-------- Material provided --------

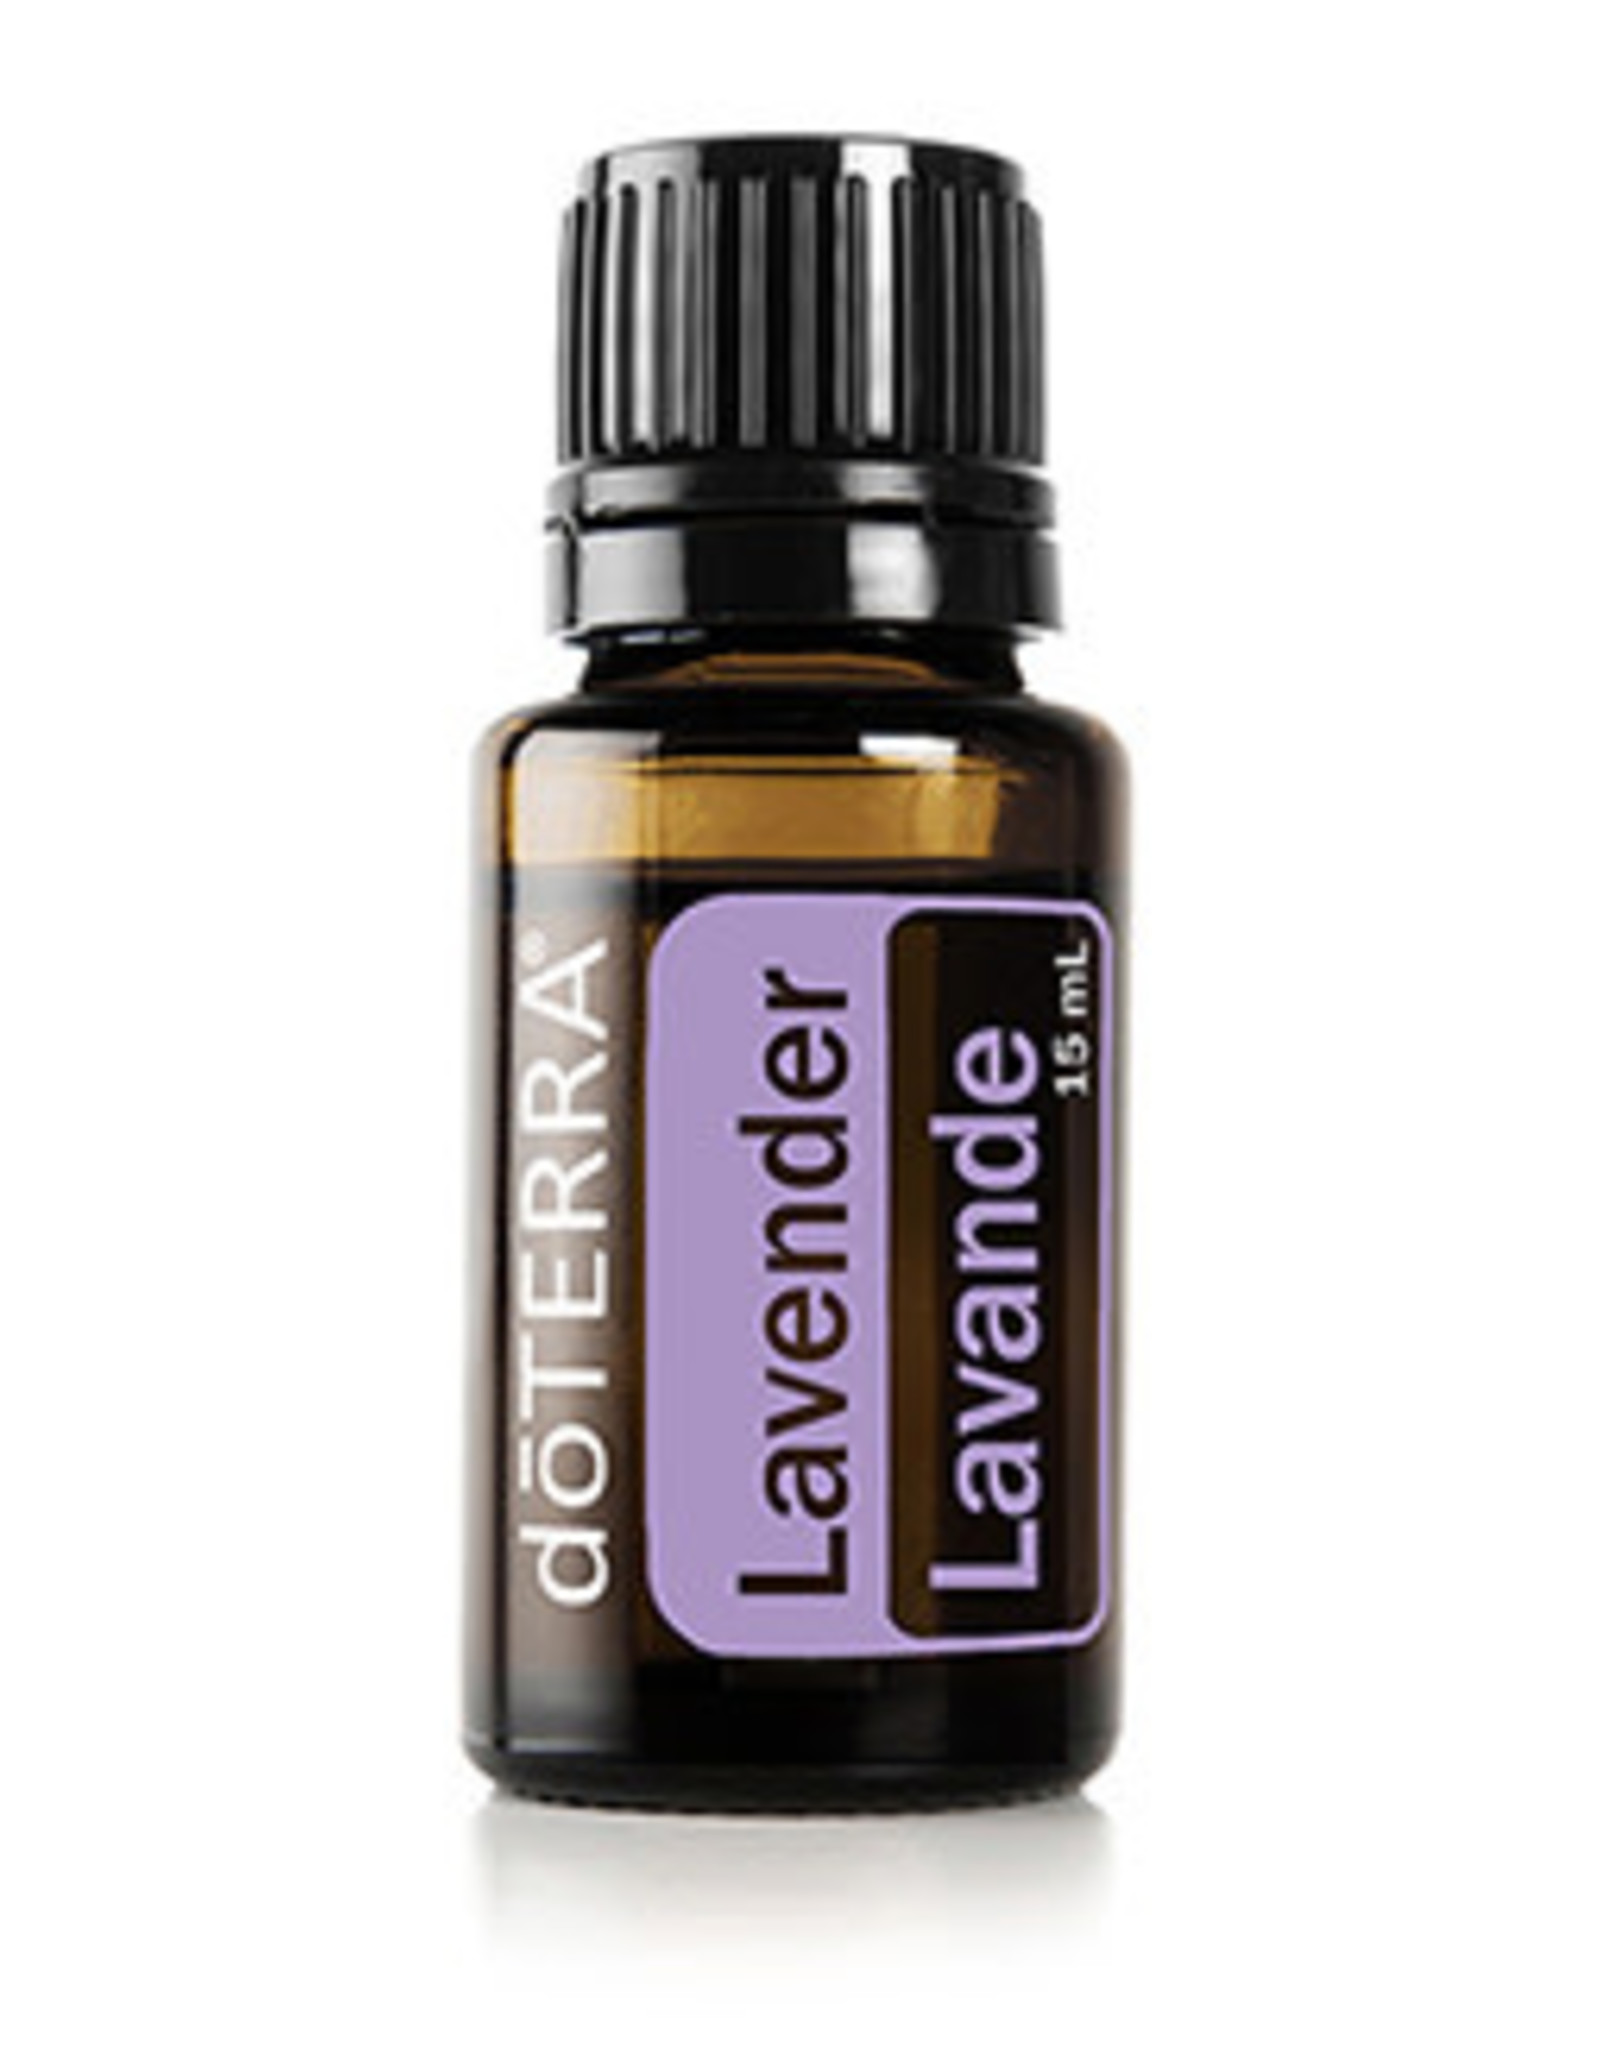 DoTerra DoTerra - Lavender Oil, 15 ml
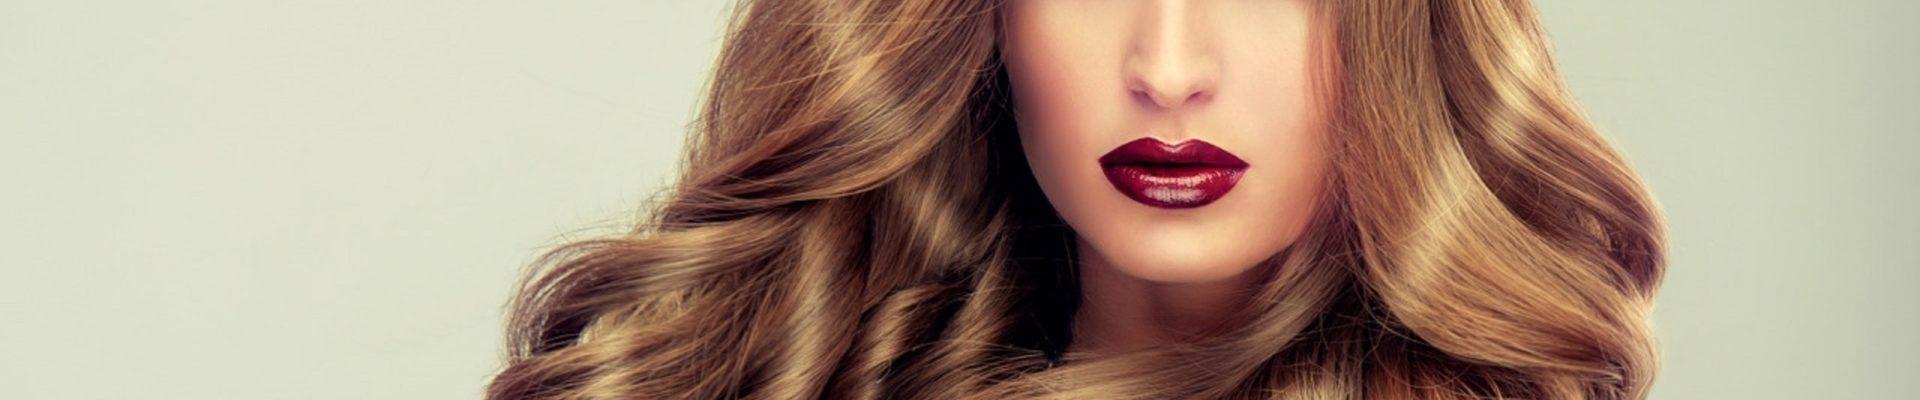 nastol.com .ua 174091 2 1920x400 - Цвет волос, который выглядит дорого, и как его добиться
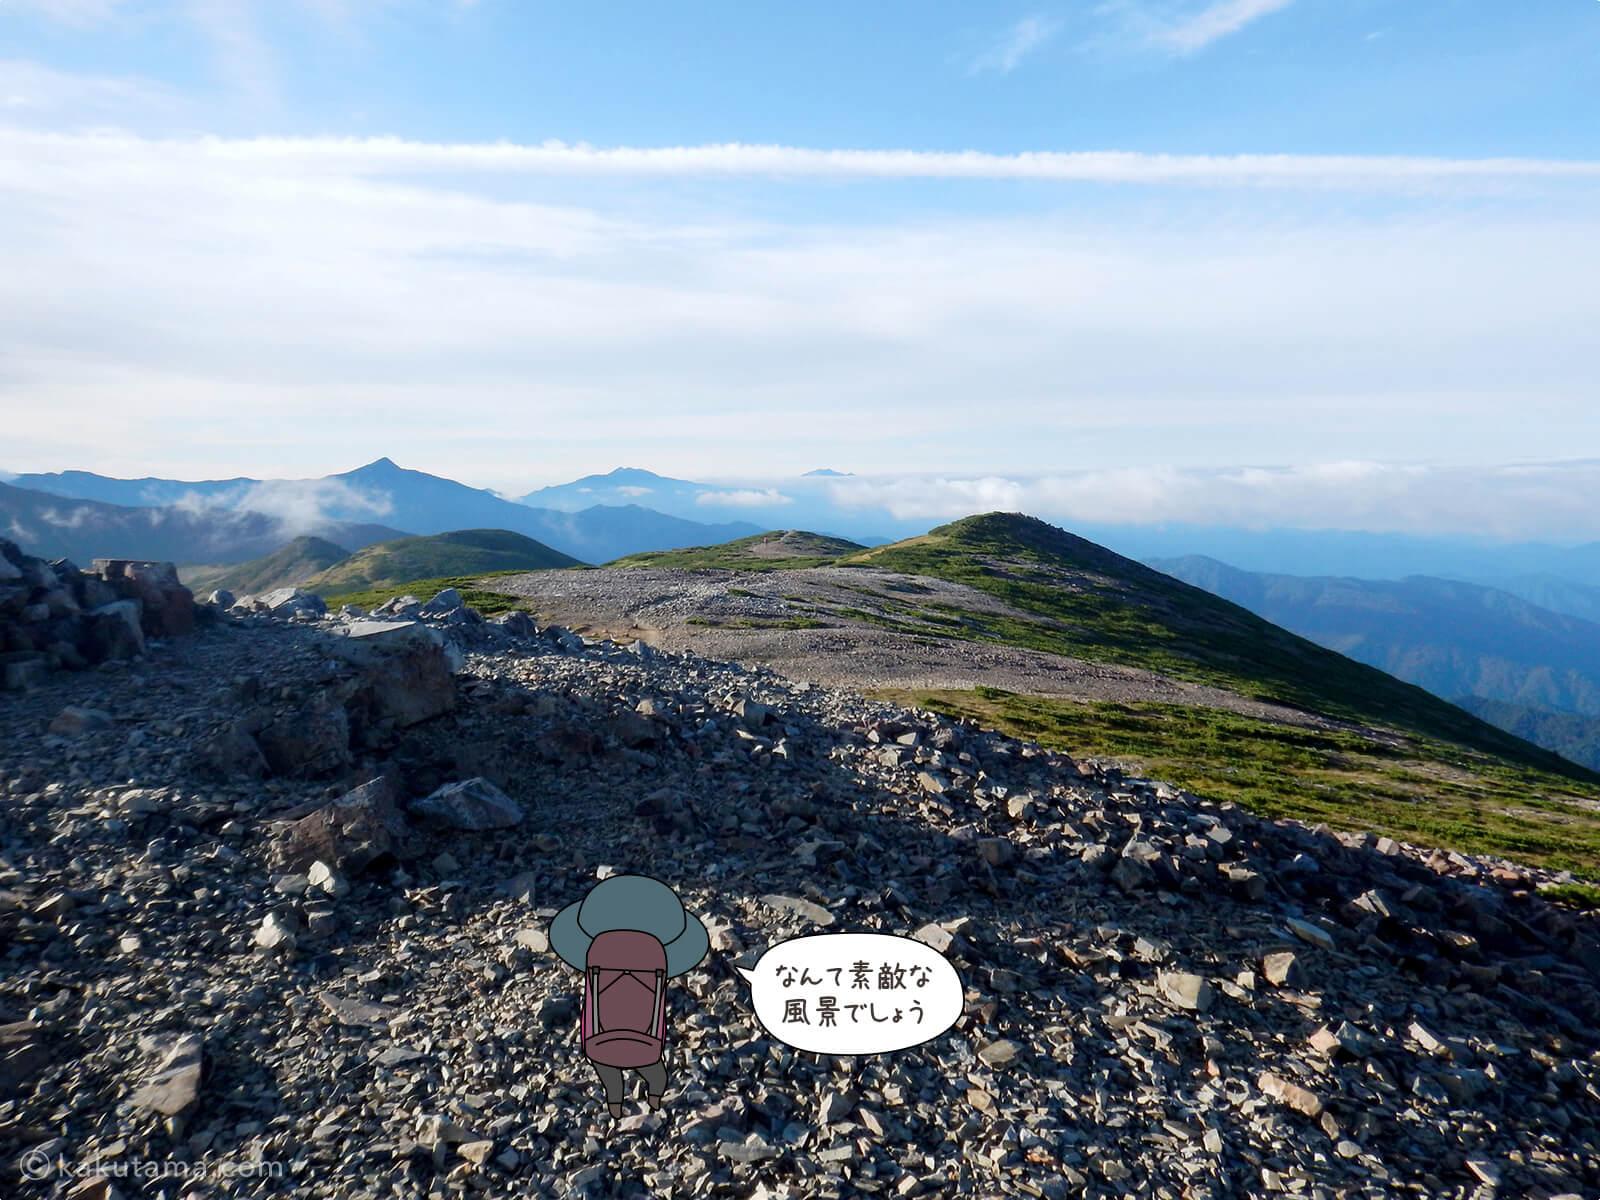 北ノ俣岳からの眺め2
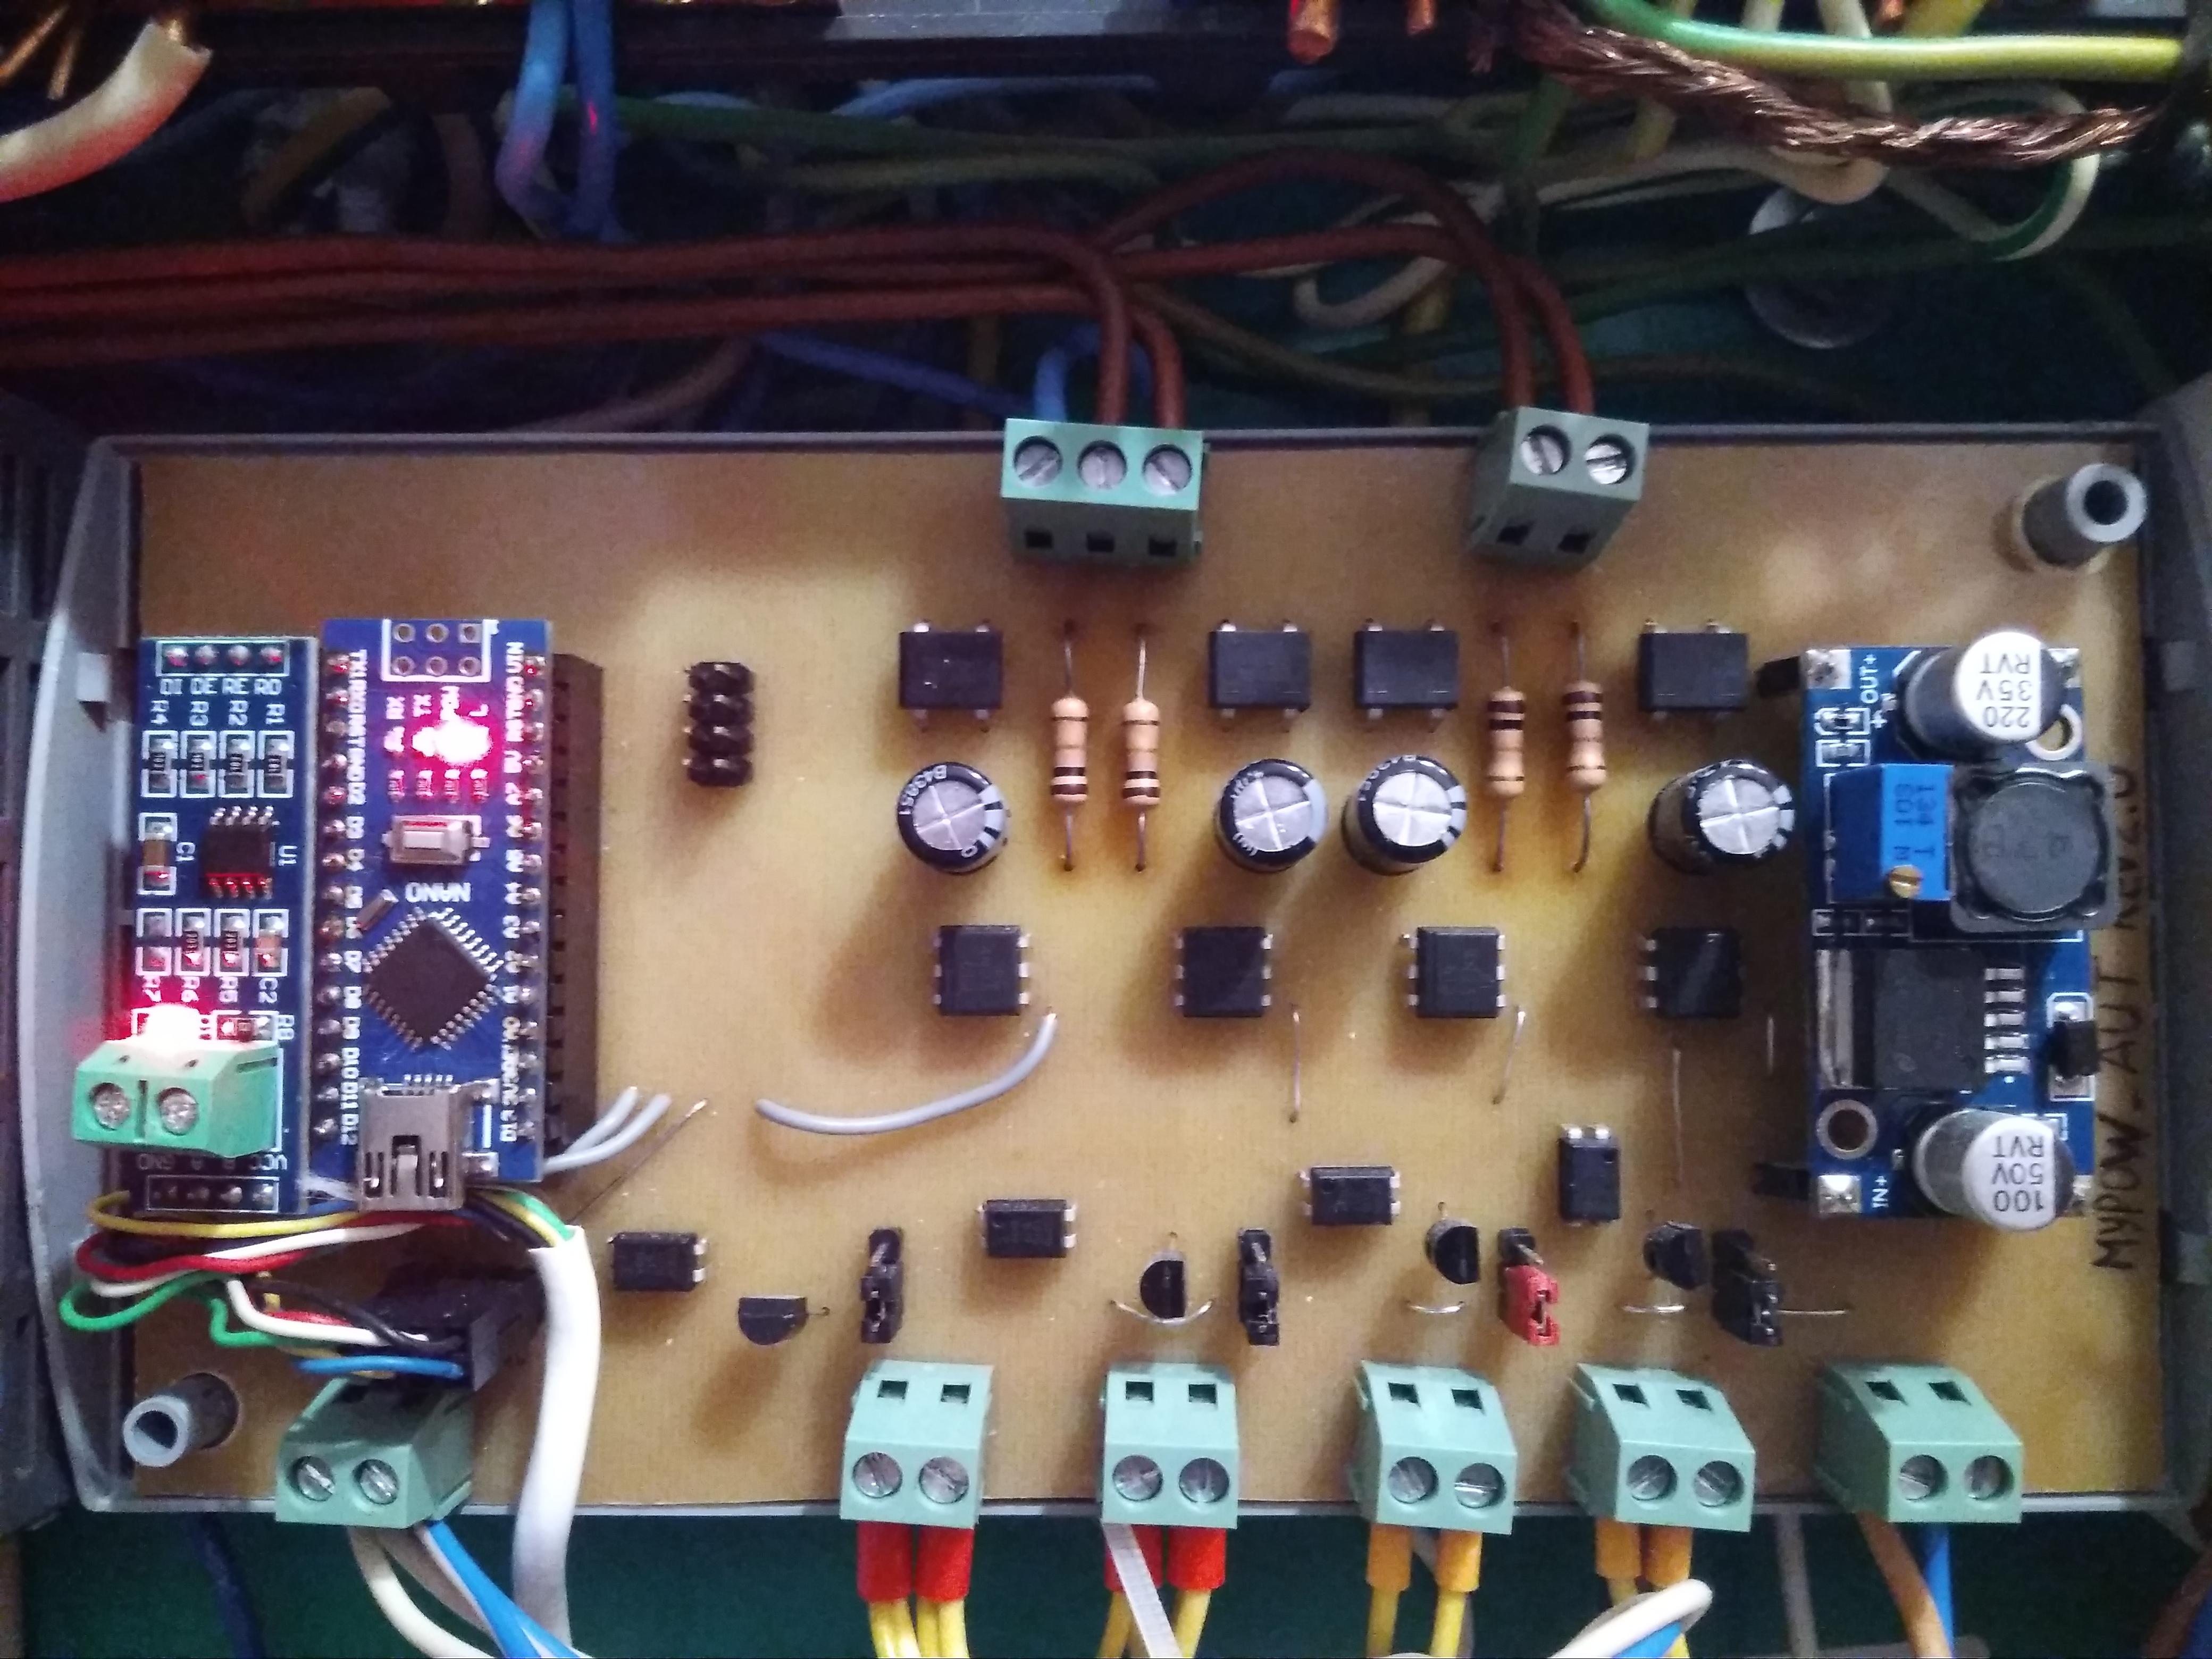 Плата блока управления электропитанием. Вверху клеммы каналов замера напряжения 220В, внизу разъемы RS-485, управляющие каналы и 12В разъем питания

--------

**Problem to work on**
Before you return the listing exactly, strip out its pictures.

**Result for this exercise**
 DoTerra DoTerra - Lavender Oil, 15 ml
 nastol.com .ua 174091 2 1920x400 - Цвет волос, который выглядит дорого, и как его добиться
 北ノ俣岳からの眺め2
 Плата блока управления электропитанием. Вверху клеммы каналов замера напряжения 220В, внизу разъемы RS-485, управляющие каналы и 12В разъем питания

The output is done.